Usage🔗
callcut detects animal calls in audio recordings. Each audio file needs a
companion annotation CSV (e.g. recording_annotations.csv) with
start_seconds and stop_seconds columns (values in milliseconds).
Training🔗
from pathlib import Path
import lightning as L
from callcut.evaluation import HysteresisDecoder, IoUMatcher
from callcut.extractors import SNRExtractor
from callcut.nn import TinySegCNN
from callcut.pipeline import evaluate_recordings, save_pipeline
from callcut.training import (
BCEWithLogitsLoss,
CallDataModule,
CallDetectorModule,
LoggingCallback,
SaveBestModelCallback,
)
L.seed_everything(42)
wav_files = sorted(Path("data/").glob("*.wav"))
# Feature extraction: multi-band SNR
extractor = SNRExtractor(sample_rate=32_000)
# Data module: handles train/val/test splitting at the recording level
dm = CallDataModule(recordings=wav_files, extractor=extractor, num_workers=0)
dm.setup("fit")
# Model: lightweight 1D CNN
window_frames = extractor.seconds_to_frames(2.0)
model = TinySegCNN(n_bands=extractor.n_features, window_frames=window_frames)
module = CallDetectorModule(model, loss=BCEWithLogitsLoss())
# Train
trainer = L.Trainer(
max_epochs=10,
accelerator="cpu",
devices=1,
callbacks=[LoggingCallback(), SaveBestModelCallback("best_weights.pt")],
enable_checkpointing=False,
)
trainer.fit(module, datamodule=dm)
# Save the full pipeline (model + extractor + decoder config)
decoder = HysteresisDecoder()
save_pipeline(model, extractor, decoder, "pipeline.pt")
Evaluation🔗
After training, evaluate on the held-out test split using event-level, frame-level, and boundary metrics:
from callcut.evaluation import HysteresisDecoder, IoUMatcher
from callcut.pipeline import evaluate_recordings, load_pipeline
model, extractor, decoder = load_pipeline("pipeline.pt")

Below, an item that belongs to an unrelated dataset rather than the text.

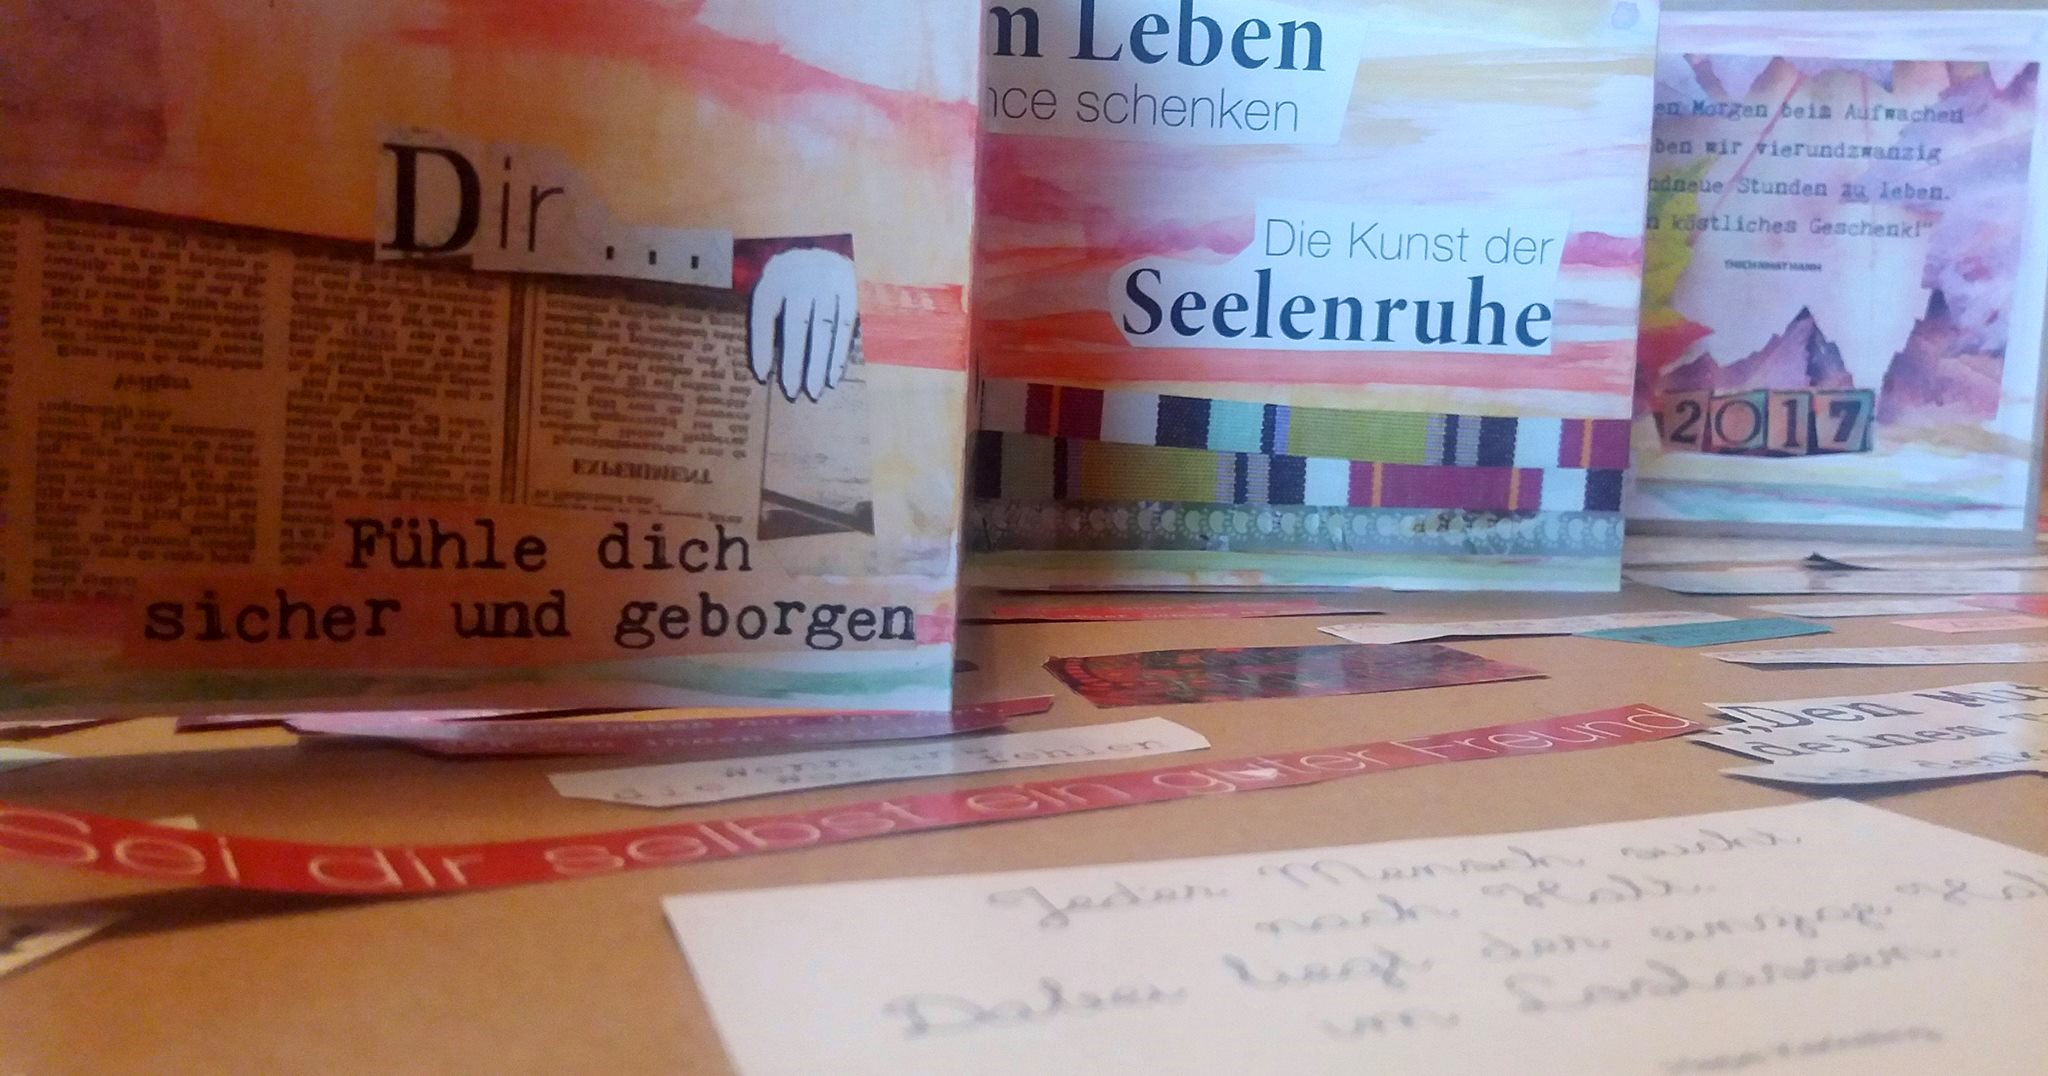 Neue Wege - Sandra Reekers, Dranbleib Coach
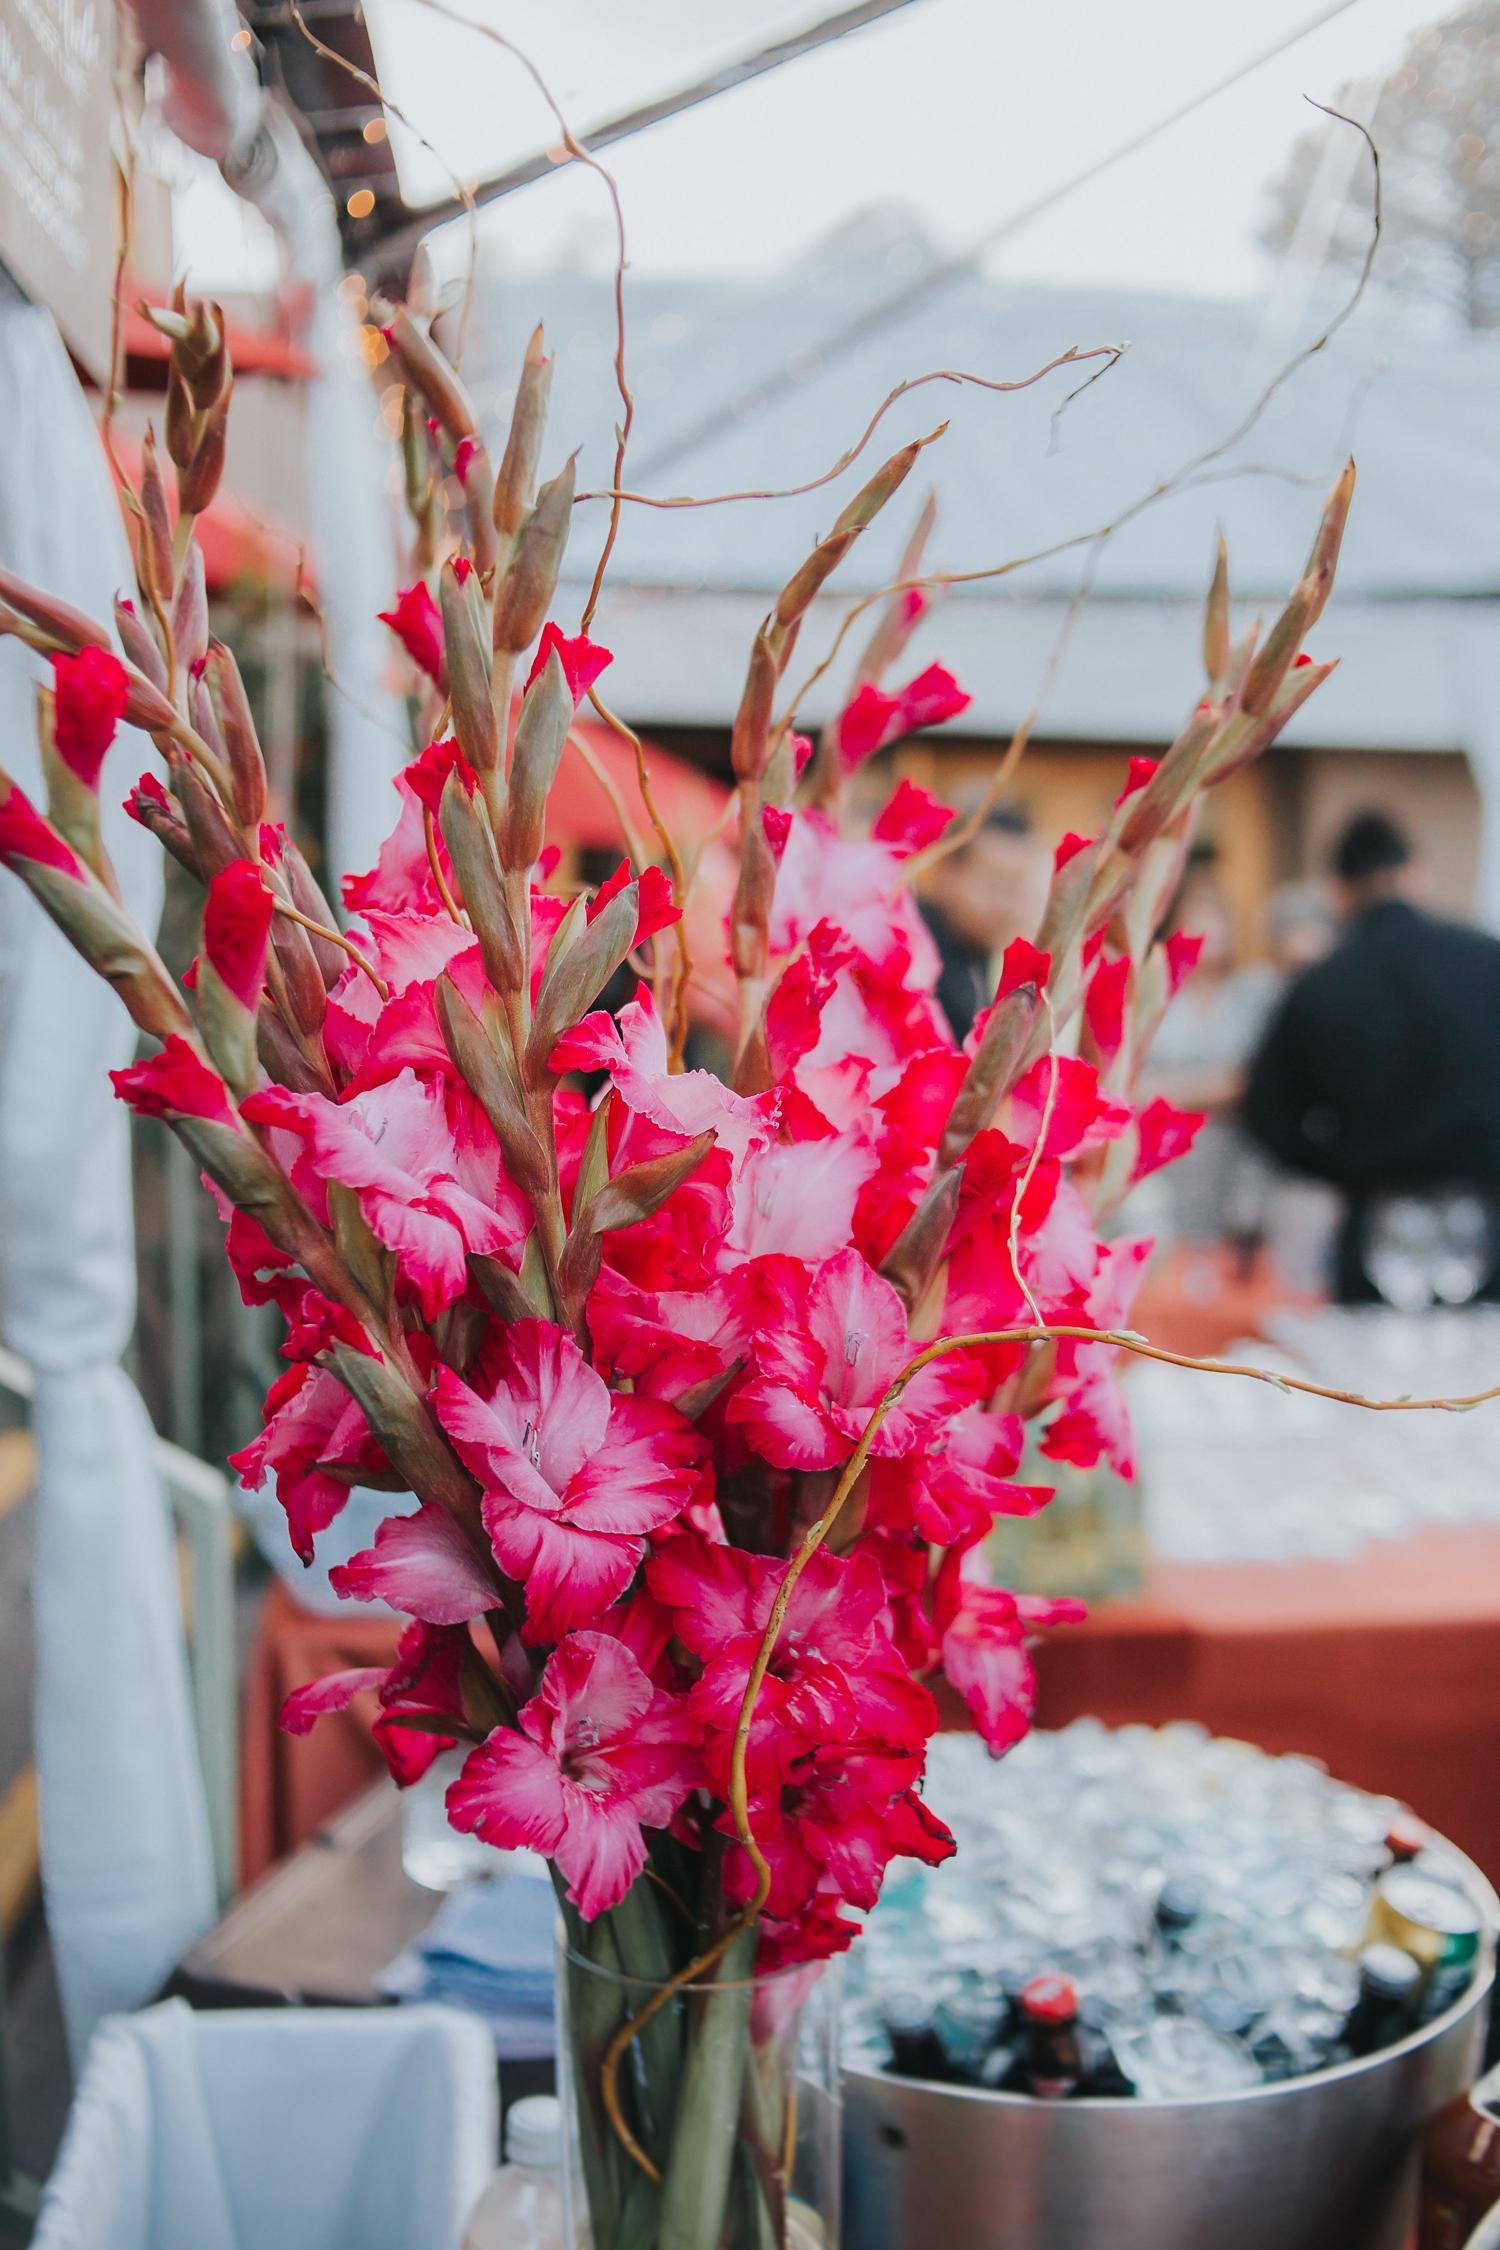 Alicia+lucia+photography+-+albuquerque+wedding+photographer+-+santa+fe+wedding+photography+-+new+mexico+wedding+photographer+-+wedding+flowers+-+summer+wedding+flowers_0004.jpg

# dm.test_recordings is available after dm.setup("fit")
report = evaluate_recordings(
model, extractor, dm.test_recordings, decoder, IoUMatcher()
)
print(report)
The EvaluationReport contains aggregated
EventMetrics,
FrameMetrics, and
BoundaryAccuracy across all recordings, as well as
per-recording results.
Inference on new recordings🔗
To run a trained pipeline on new audio files (no annotations needed):
from pathlib import Path
from callcut.pipeline import load_pipeline, predict_recordings
model, extractor, decoder = load_pipeline("pipeline.pt")
audio_files = sorted(Path("new_data/").glob("*.wav"))
predictions = predict_recordings(model, extractor, audio_files, decoder)
for pred in predictions:
print(f"{pred.audio_path.name}: {len(pred.intervals)} calls")
for interval in pred.intervals:
print(f" {interval.onset:.3f}s - {interval.offset:.3f}s")
Each RecordingPrediction contains the detected call
Interval objects with onset and offset
times in seconds.